Les maîtres de l’eau, de Francesco Masala

Il y a des îles qu’on envie. Tant que ça que ce fut le cas de la Sardaigne dominée d’abord par les Phéniciens, puis par les Romains, les Byzantins, puis durant quatre siècles sous la domination aragonaise, ensuite la domination espagnole, piémontaise. L’écrivain sarde Francesco Masala (1916-2007) s’intéresse à l’histoire hydrologique de la Sardaigne. Une histoire surprenante. Les raisons en sont à la fois socio-économiques et sacrées ; économiques, cela semble l’évidence même ; objet de culte c’est moins évident. Pourtant l’importance que la Sardaigne a attachée à ce phénomène traverse toute son histoire. Objet de culte, l’eau s’est révélée un problème primordial, une véritable religion. On s’adressait à des sorciers de villages pour faire pleuvoir. Il fallait étancher la soif des hommes et des champs. Plus tard, on a construit des lacs artificiels, des ponts, des aqueducs. Au XXe siècle, non sans de multiples tergiversations, nombreuses furent les mesures prises non sans retard. Si bien que Francesco Masala écrit : « capitalisme fasciste et capitalisme démocratique. Trouver la différence ». Lambiner fut presque un mot d’ordre pour trouver des solutions. D’abord les promesses, puis celles qui ont vu le jour tardivement ou n’ont pas été tenues sans penser que le temps n’attend personne.
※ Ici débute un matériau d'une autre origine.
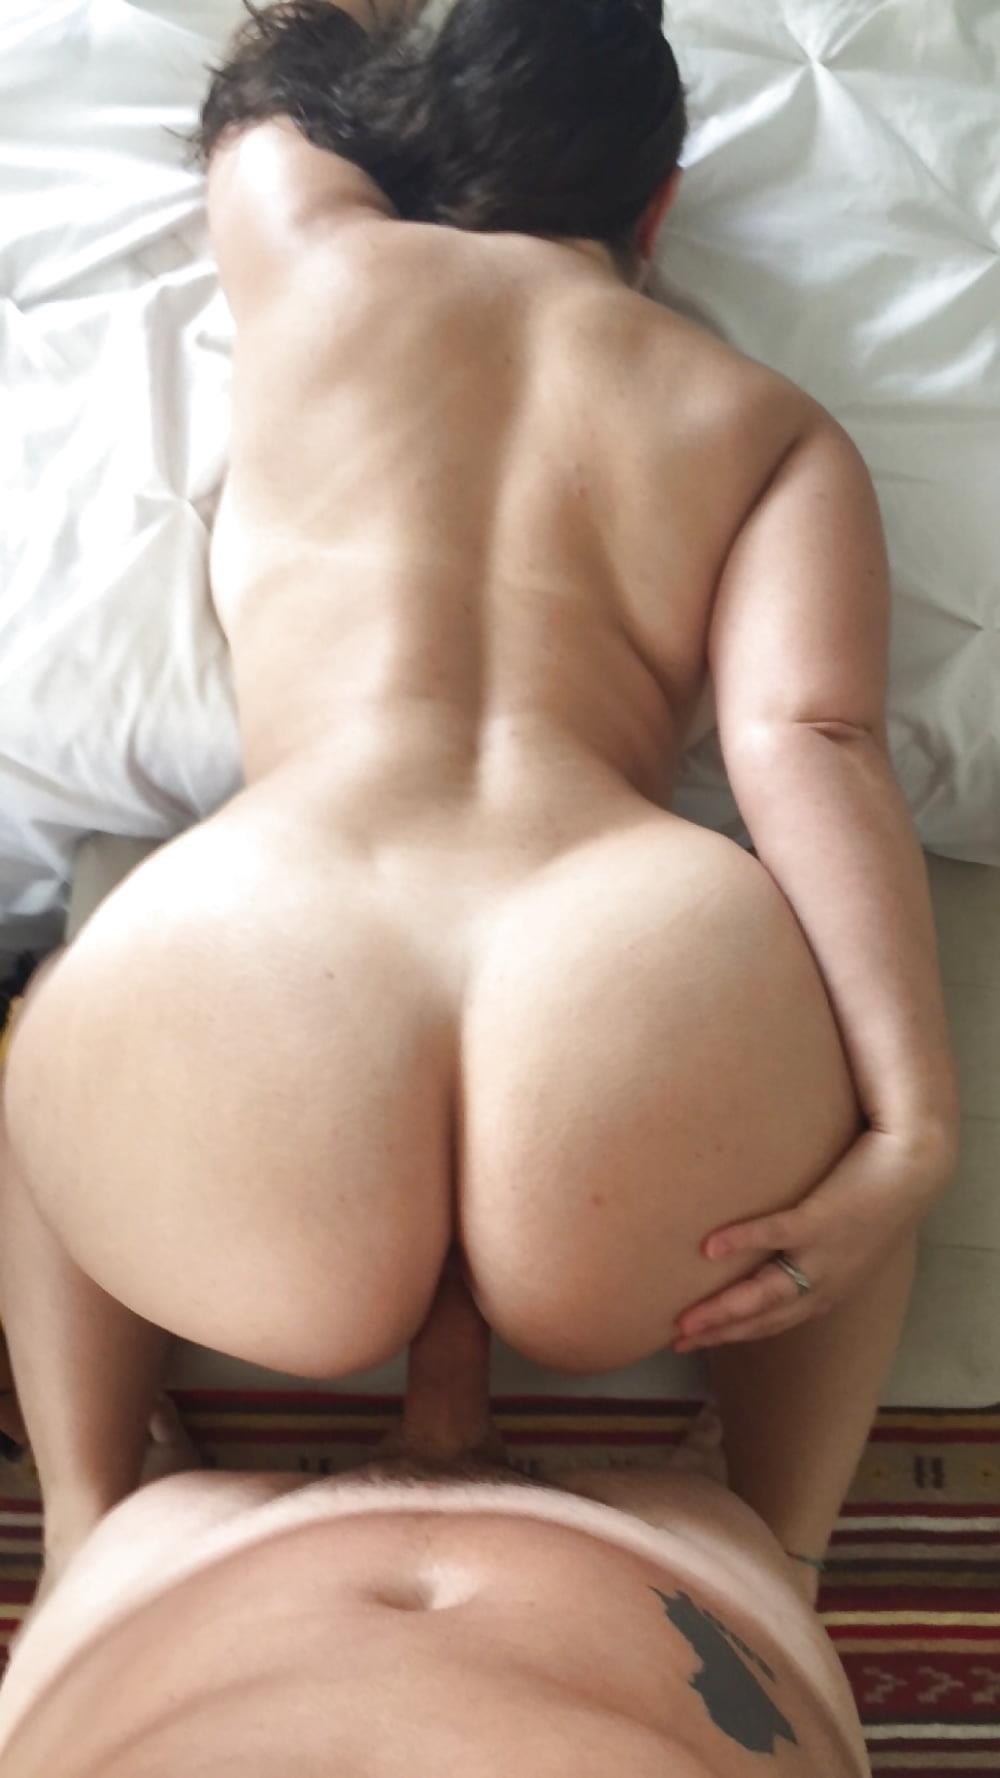 Big booty porn gallery-1235

À ce propos, Francisco Masala se réfère au roman de Hermann Hesse Le jeu des perles de verre où la maîtrise d’éléments divers pour atteindre la durée des choses semble sans fin et donc illusoire. Le livre dépasse largement le problème de la Sardaigne. Francesco Masala pose les bonnes questions. C’est pourquoi son travail se présente comme une déclaration publique par laquelle il explique les raisons de conduite à tenir à l’égard d’un pouvoir.

 

Alfred Eibel.

Traduit de l’italien (Sardaigne) par Claude Schmitt.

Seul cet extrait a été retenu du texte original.